Figure 5 - Comparing the weights generated by Tensorflow for the CNN model and the content of the C/C++ header file exported (The header file is named "CNN.h").


6. Performing Inference Operation in Micro-Controller

Once the header file is generated, we can then incorporate it into our firmware sourcecode for the micro-controller (MCU) in the machine vision module.  The integer weights or coefficients for the CNN will be stored in the Flash memory of the MCU due to the const modifier.  The firmware in the MCU will first loads the required integer weights from the Flash memory into the RAM memory, and then using for-loops to calculate the output of each 2D convolution filter or nodes.  The complete high-level flow for this system is illustrated in Figure 6.

Figure 6 - High level view of implementing the CNN routines in machine vision module.

There are many approaches to implementing the C-language neural network inference subroutine in the MCU of the machine vision module. The approach that I used is shown in Figure 7. The inference subroutine needs to complete the execution within 50 ms for a frame rate of 20 fps. In actual implementation there are other tasks that need to be executed on a periodic basis in parallel with the neural network inference subroutine, such as tasks that compress and stream the pixels in the video buffer to external display, the camera driver and image pre-processing routines.  Hence, I actually break the flow into a series of smaller parts so that the inference routine will not hog the processor.  For example, in Figure 7, after calculating the output of each 2D convolution filter or node, we can return the control to the RTOS or scheduler so that other tasks can run.  All-in-all, from experiment, the other tasks require roughly 10 ms or 20% of the MCU bandwidth within 1 frame interval, with roughly 40 ms left for the neural network inference subroutine.
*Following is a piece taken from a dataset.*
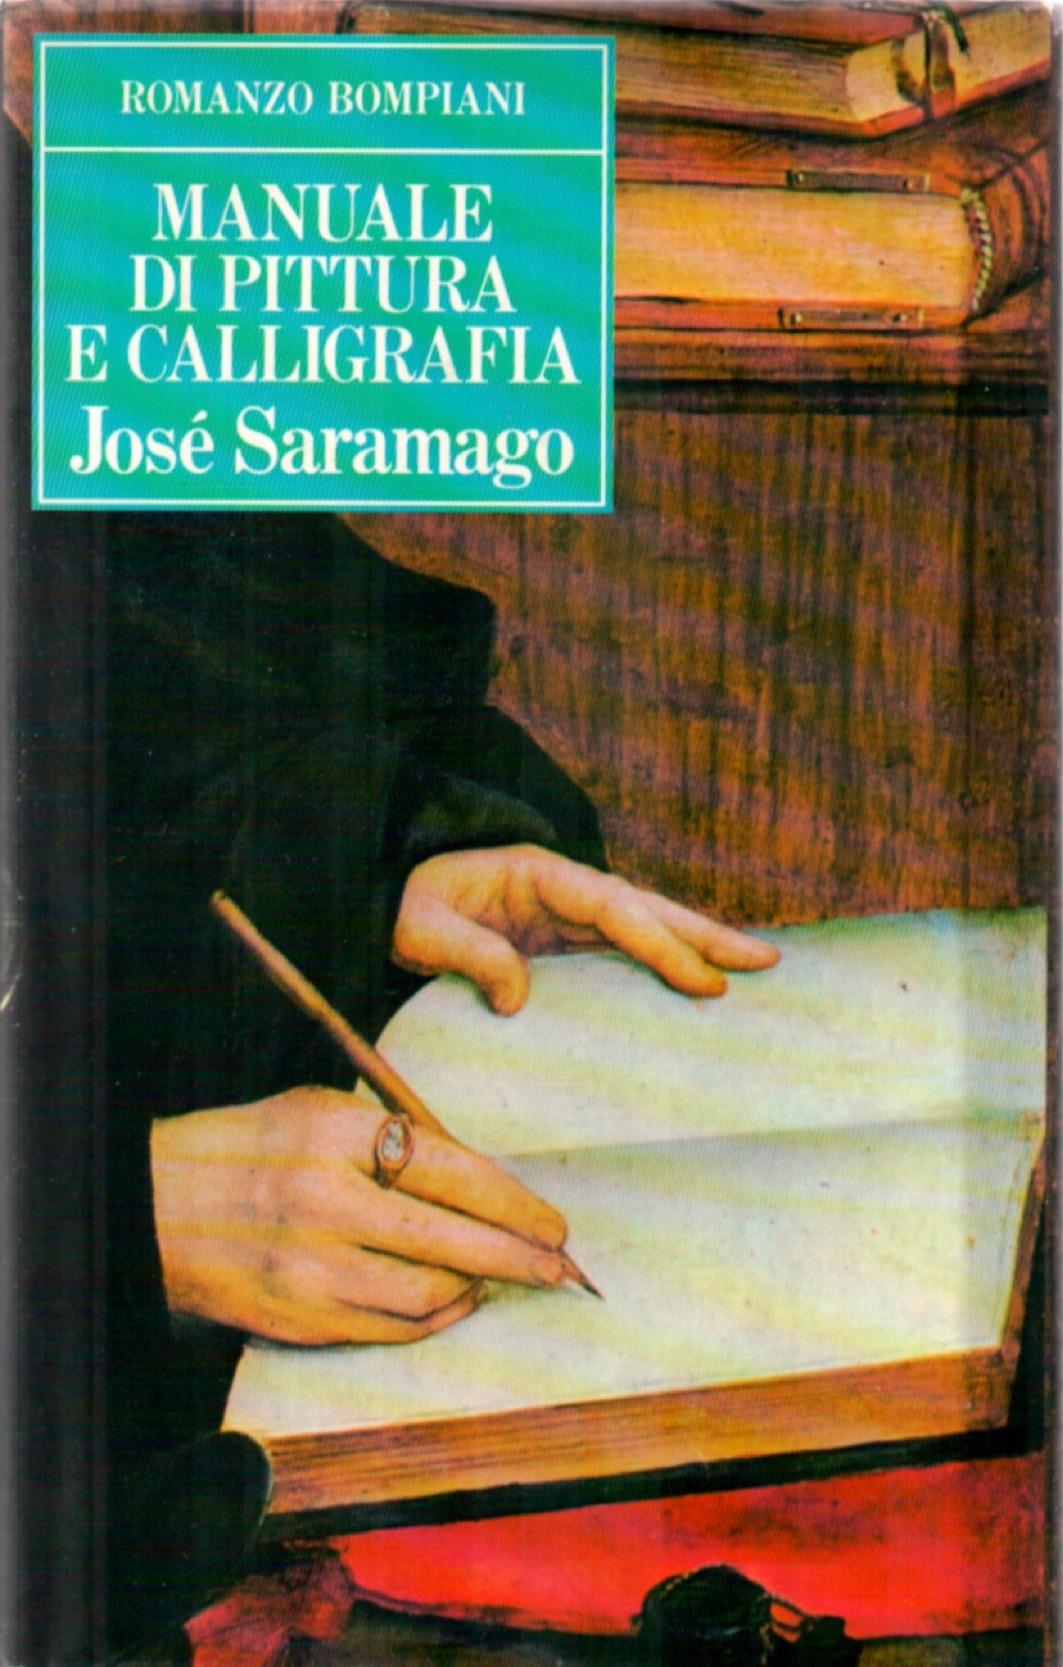 Manuale di pittura e calligrafia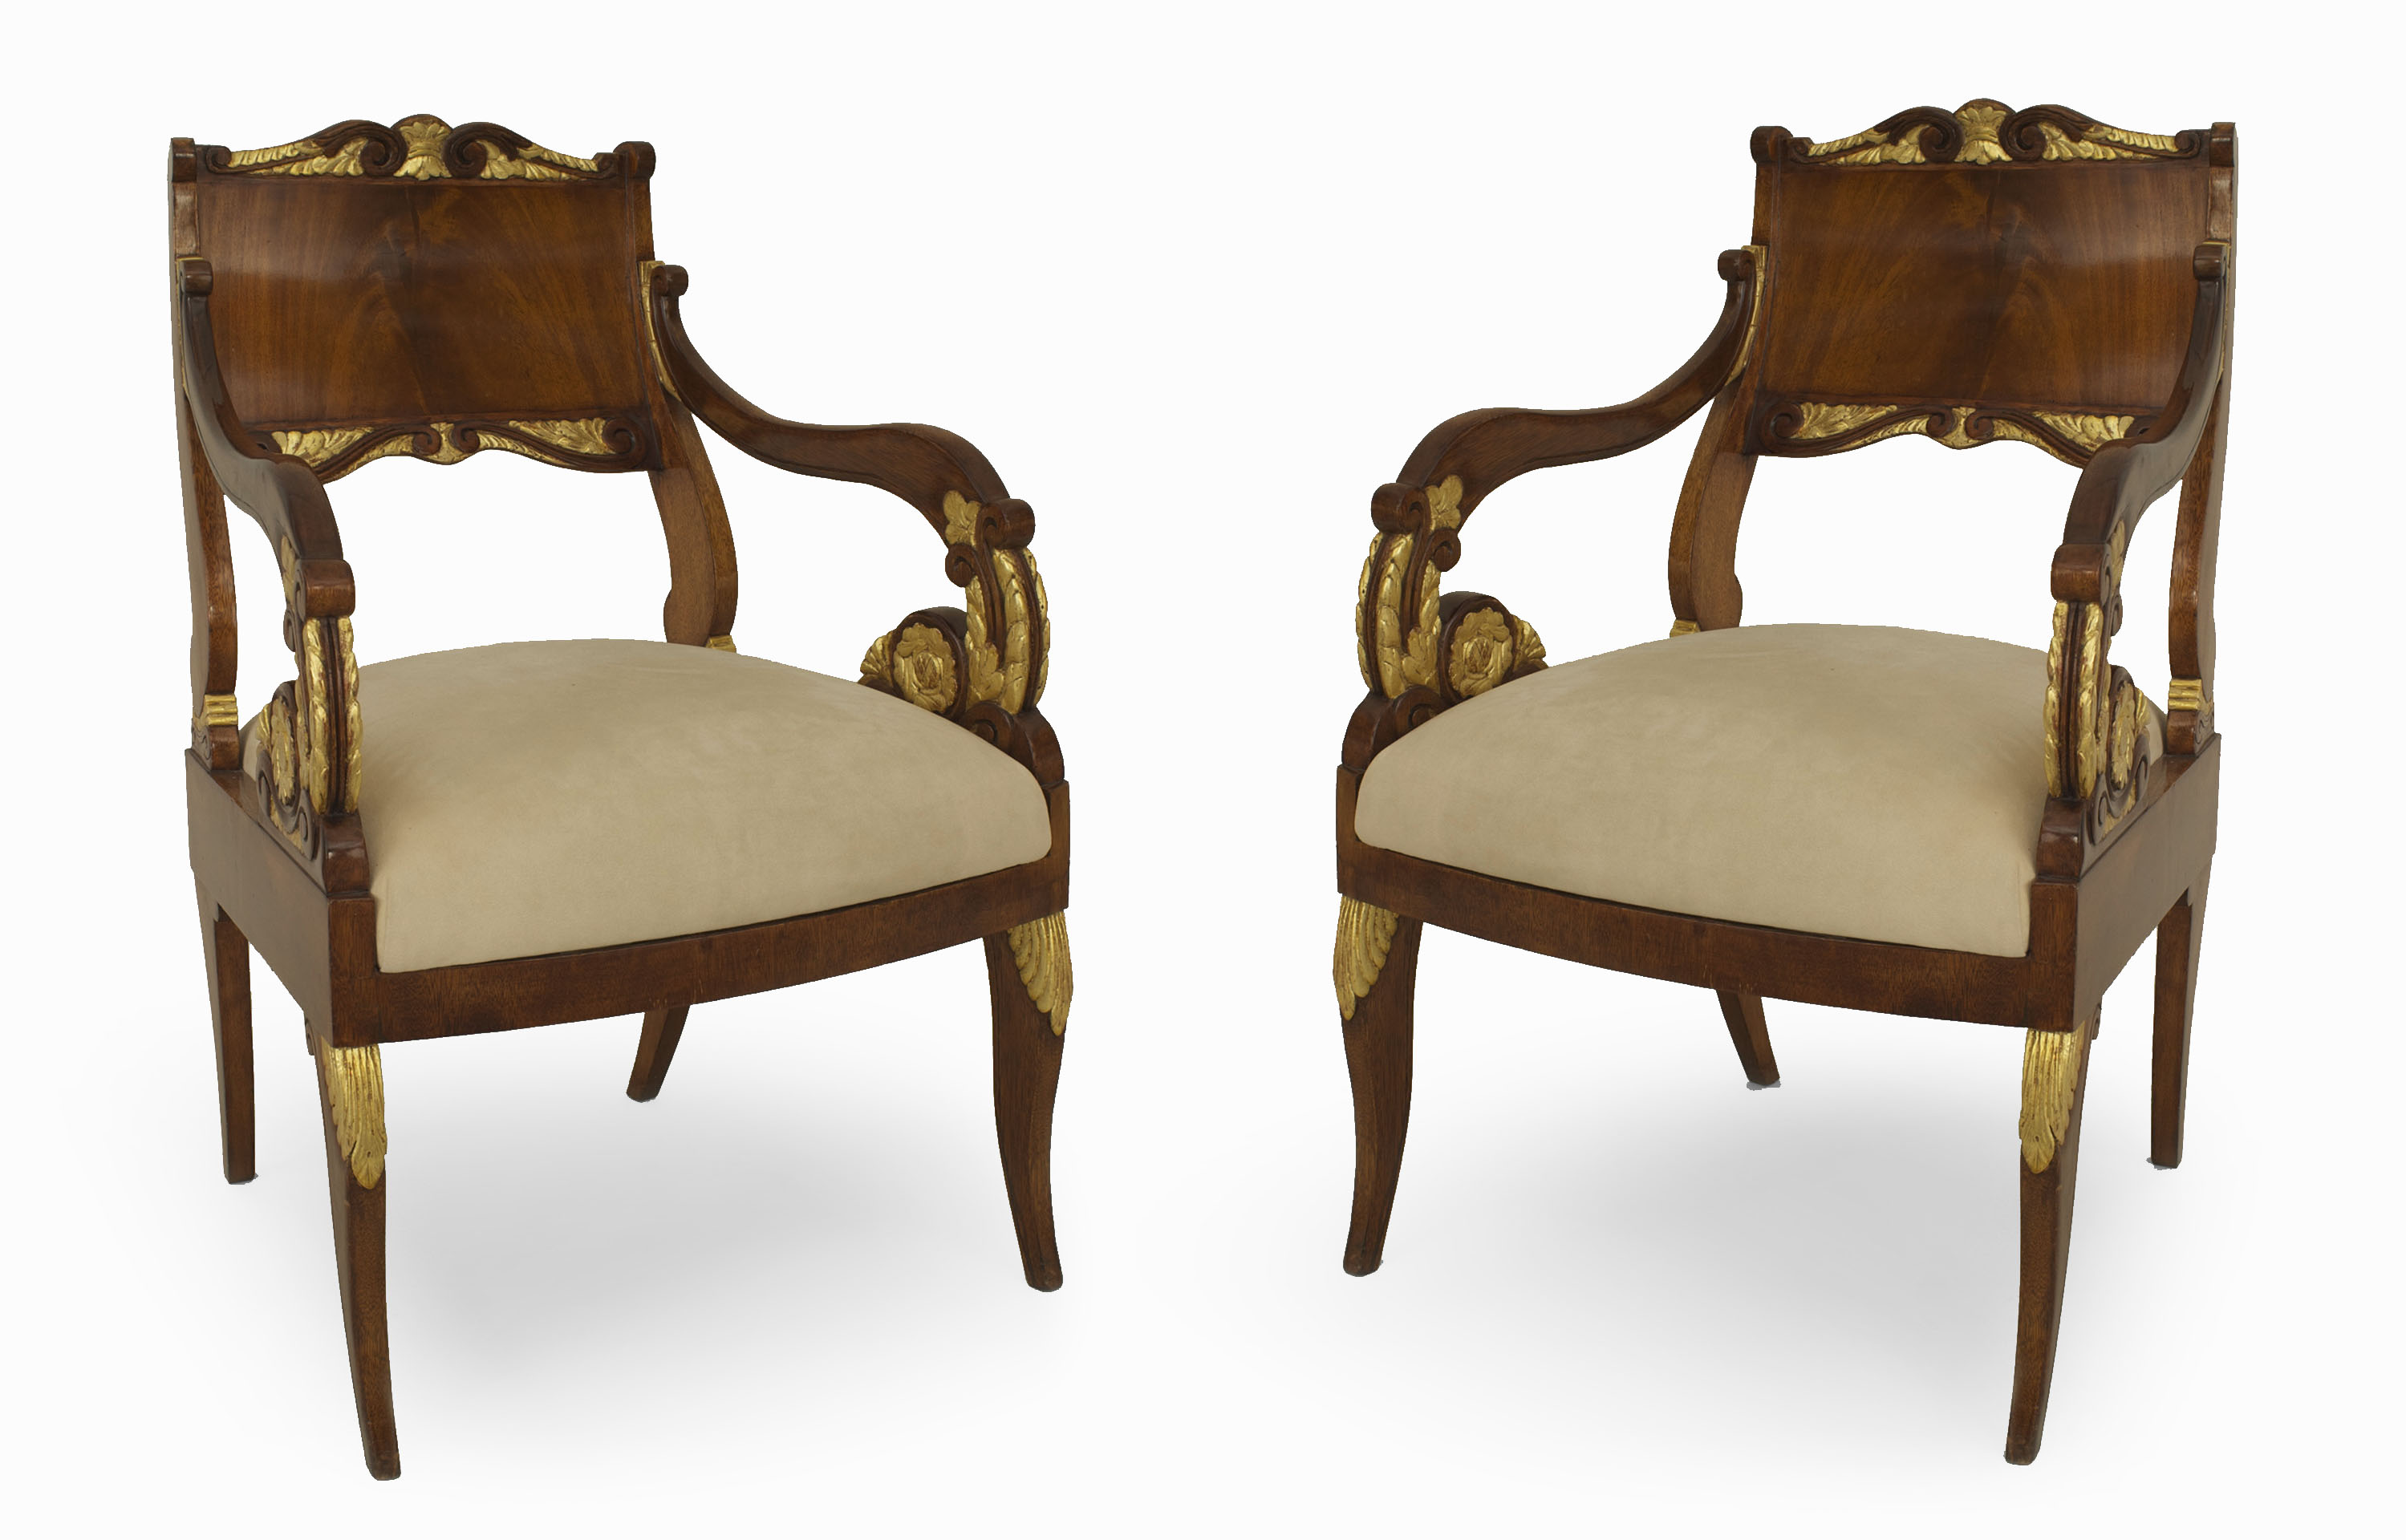 Russian Mahogany Scroll Arm Chairs

Figure 7 - Detailed flow of the C inference subroutine.

To speed things up here are the key points that in the C-language neural network inference subroutine, here are some features that I used:
  • Weigths and node values are stored as 32-bits signed integer in RAM.
  • All linear arithmetic operations use 32-bits signed integer operations.  The intermediate result of multiply-and-accumulation operation should be stored in 64-bits signed integer format to prevent overflow.  The final result will be normalized back to 32-bits signed integer.
  • Some codes in the neural network inference subroutine are implemented in assembly language, with call to subroutine using C inline directive.  For example in Listing 5, the function to calculate the 2D convolutional filter output is implemented using the __MALD assembly opcode [3] for ARM Cortex M7, which perform multiply and sum operation in one instruction cycle. 
  • Instead of using SoftMax function at the output as in Figure 7, I just used a sort algorithm to find the maximum value in 3rd layer, basically implementing a max( ) function, to get the output. Softmax( ) function is used during training of the network because it is differentiable, allowing it to be used with back-propagation algorithm. 

Listing 5 - A C-code listing for implementing 2D convolution operation and activation function in ARM Cortex-M7.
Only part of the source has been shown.